Наверное, я на какое-то время потеряла сознание, потому что звуки пропали, а потом снова вернулись…

* * *

Я больше не чувствовала на себе тяжести, и кто-то склонился надо мной, щупая пульс на шее.

– Катя! Катя! – меня тряс Тимофей. – Катька!

Я открыла глаза и затуманенным взором уставилась на второго мужа. Откуда ни возьмись появился его тезка – мой любимый пес.

– А ты где был? – спросила я не очень храброго четвероногого друга.

– В кухне сидел, – хмыкнул Прохоров. – Под столом.

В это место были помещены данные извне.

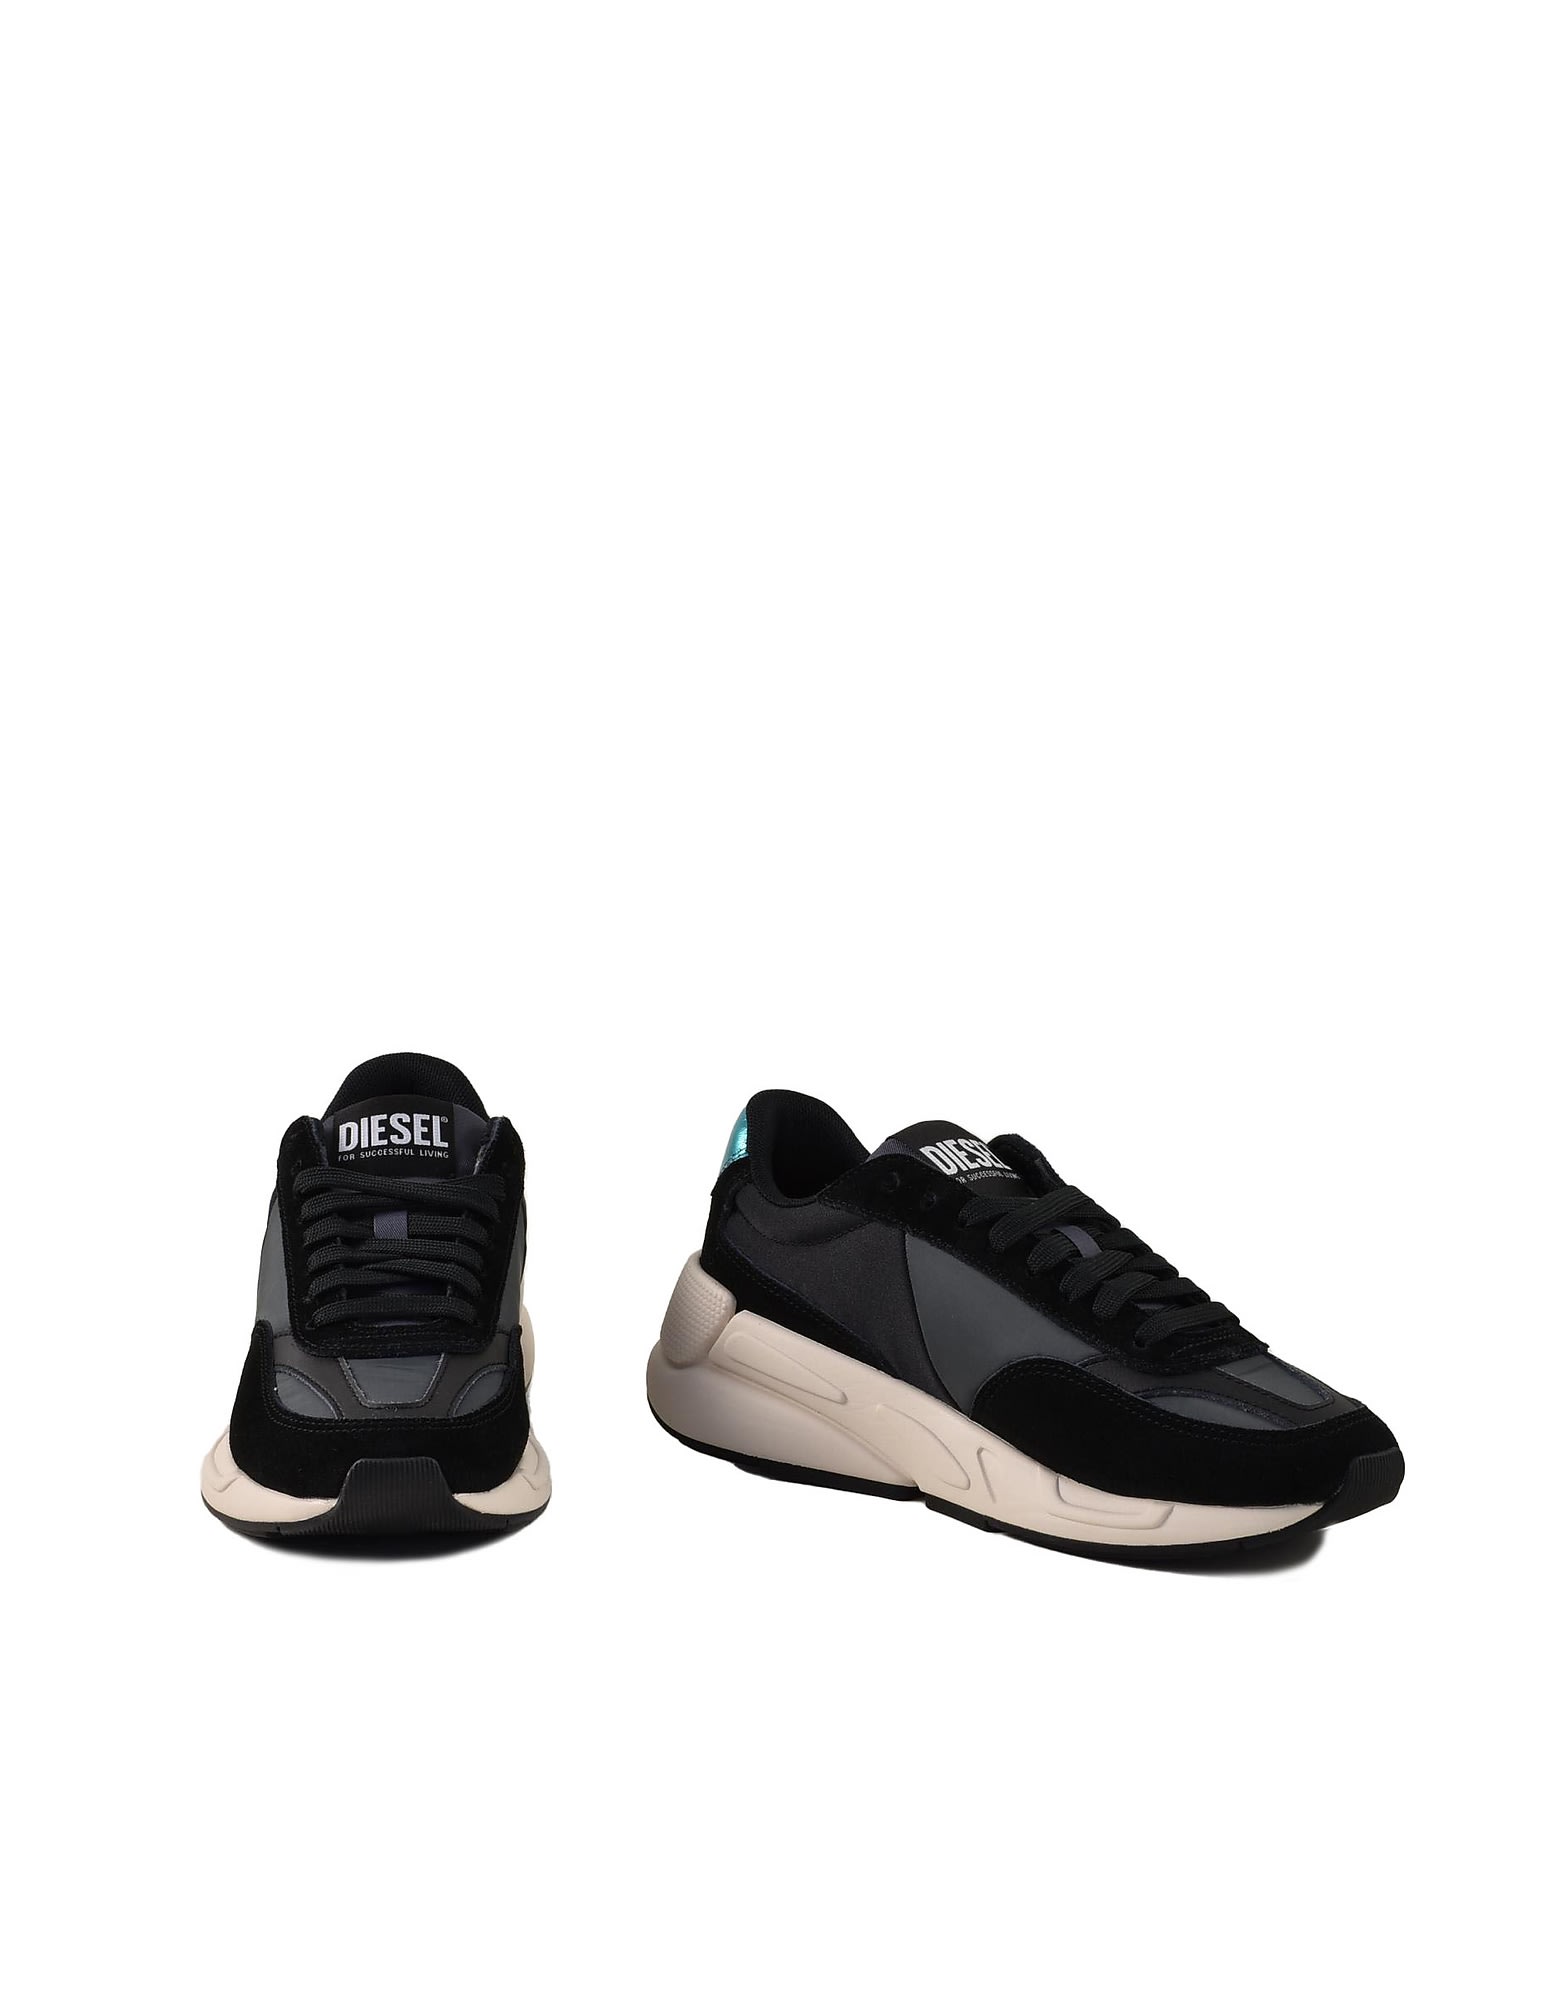 Diesel Womens Black / Gray Sneakers

Эта тварь точно знает, когда исчезнуть, когда появиться.

– Не оскорбляй моего пса! – крикнула я, принимая сидячее положение и прижимая к себе Тимку.

Но ему не очень хотелось пачкаться в крови, он вывернулся и сел на некотором отдалении, наблюдая за разворачивавшимися в нашей квартире событиями.

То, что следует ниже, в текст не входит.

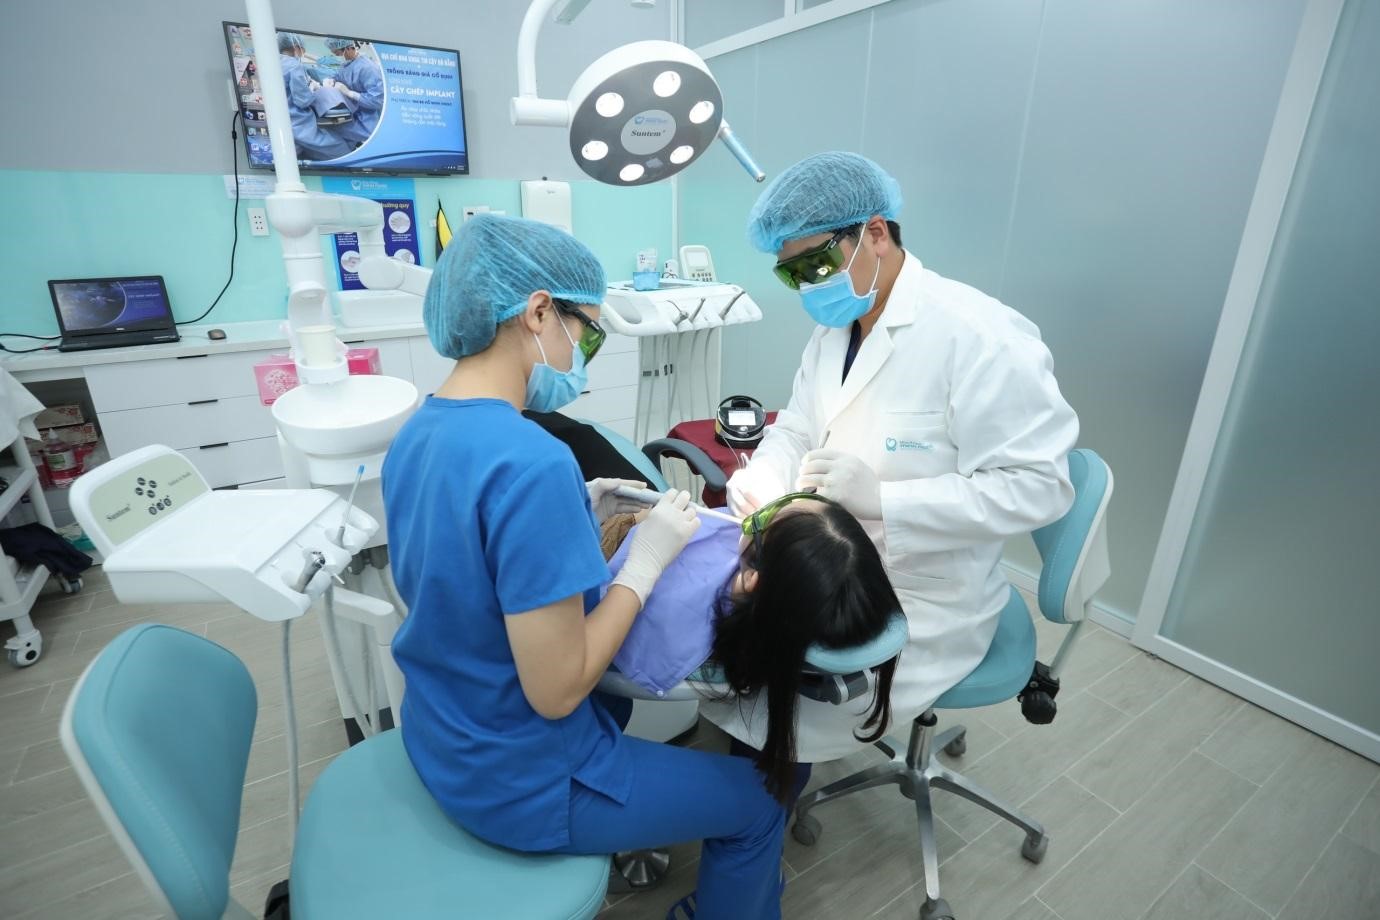 Nha khoa Minh Ngọc - Beauty Dental Clinic: Nơi hội tụ nghệ thuật và khoa học trong nha khoa thẩm mỹ - ảnh 2

И тут я повернула голову вправо, к входной двери.

Она была открыта. На полу перед ней лежал Игорь, над которым склонился Вова и еще какой-то парень в камуфляже, рвавший в этот момент белые тряпки. Я узнала свои вещи из сумки, которые брала с собой в поездку.

Я все еще сидела на полу. Слева лежала Тамарка, Тимофей, находившийся справа, почему-то старался закрыть от меня происходившее там.

– Игорь?.. – шепотом спросила я.

– Он… – открыл рот Тимофей.

Но я резким движением руки отшвырнула второго бывшего в сторону и каким-то странным прыжком из положения сидя рванула к входной двери с истошным воплем. Нет! Нет! Неужели двое людей лишились жизни, спасая мою?! Неужели Игорь?.. Только не он! Нет!

Я склонилась над ним, мешая Вове и второму парню.

– Отойди, мать твою! – рявкнул Вова и так саданул меня локтем, что я в самом деле отлетела. Но не обиделась, а только спросила:

– Он жив?

Мне не ответили. И тут на лестнице снова послышался топот, это, перескакивая через две ступеньки, несся Глазков, а во дворе уже выла сирена.

Игоря мгновенно положили на носилки и увезли. Я тоже рвалась в больницу, но меня не пустил Тимофей, оставшийся со мной в квартире. Остался и Илья Михайлович, правда, ненадолго.

Я плохо помню, что было потом. Приезжали и уезжали какие-то люди. Меня о чем-то спрашивали, я механически отвечала, правда, в основном говорил Тимофей. Появлялся капитан Туляк, у которого на груди я разрыдалась, но после короткого разговора с Глазковым наедине он отбыл, обещая вскоре мне позвонить.

Потом уехали все, кроме Тимофея. Он помог мне раздеться, дал выпить каких-то капель и уложил в постель, сказав, чтобы я ни о чем не беспокоилась.

Наверное, он дал мне снотворное, потому что я вскоре отключилась.

Глава 28

Санкт-Петербург. 23 апреля, пятница

На следующее утро я встала с дикой головной болью, правда, после холодного душа мне стало чуть полегче. Затем мы на пару с Тимофеем отправились гулять с собакой. Прогулка тоже пошла мне на пользу, так же как крепчайший кофе, сваренный вторым бывшим.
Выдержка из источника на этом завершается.